## Task prompt
Retype, word for word, every line of the records below starting at the one that contains "Etta James Concert Poster Wallpaper" and ending at the one that contains "1948-Tenco-Swift-125-Aircraft-ad-9-26-16b1.jpg"; include both of those lines and nothing more.

## Given records

⟨

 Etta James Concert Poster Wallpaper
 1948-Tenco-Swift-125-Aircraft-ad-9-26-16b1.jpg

⟩
⟨

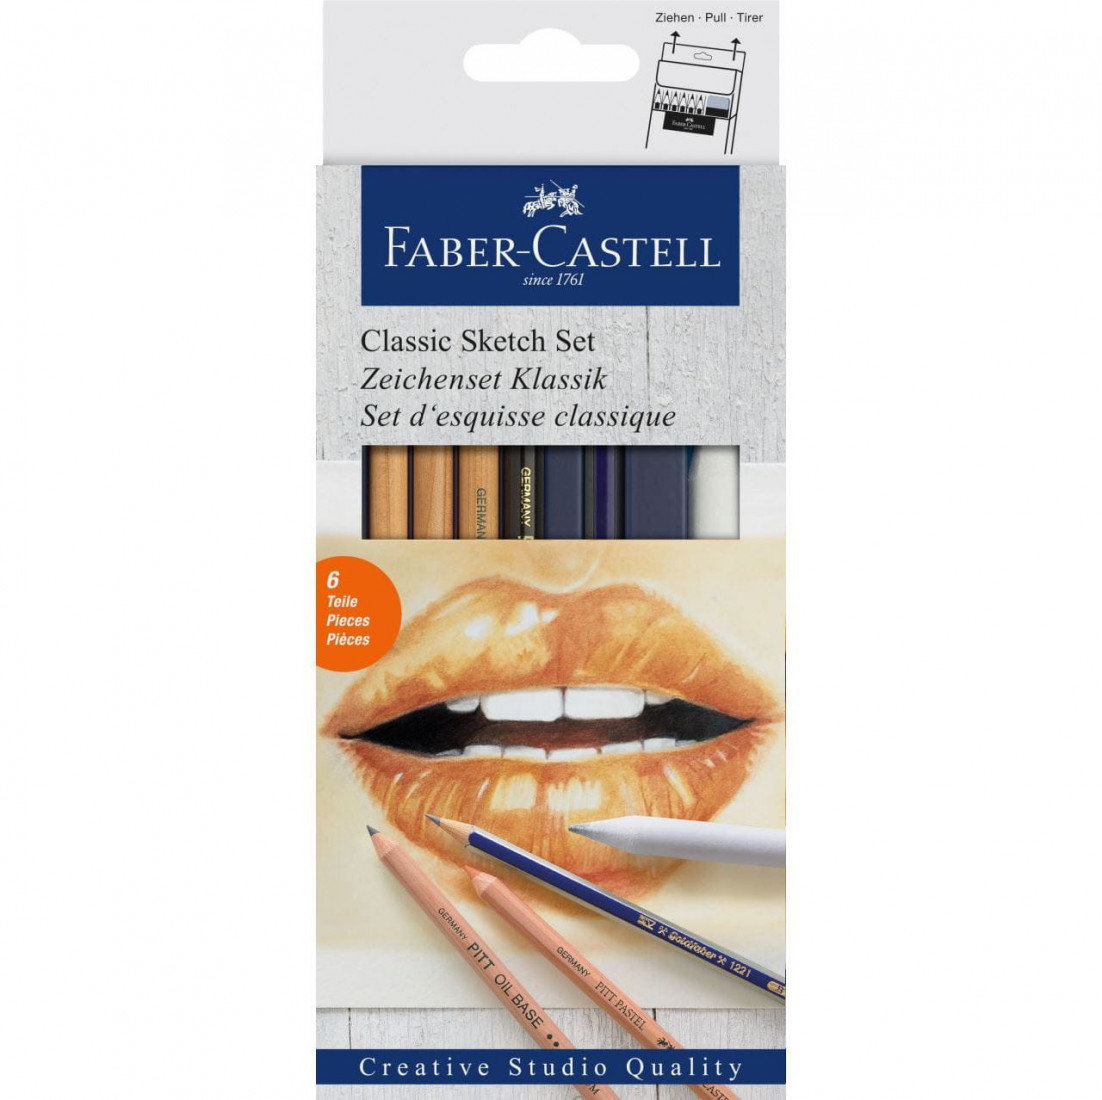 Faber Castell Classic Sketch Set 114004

⟩

## Task solution
 Etta James Concert Poster Wallpaper
 1948-Tenco-Swift-125-Aircraft-ad-9-26-16b1.jpg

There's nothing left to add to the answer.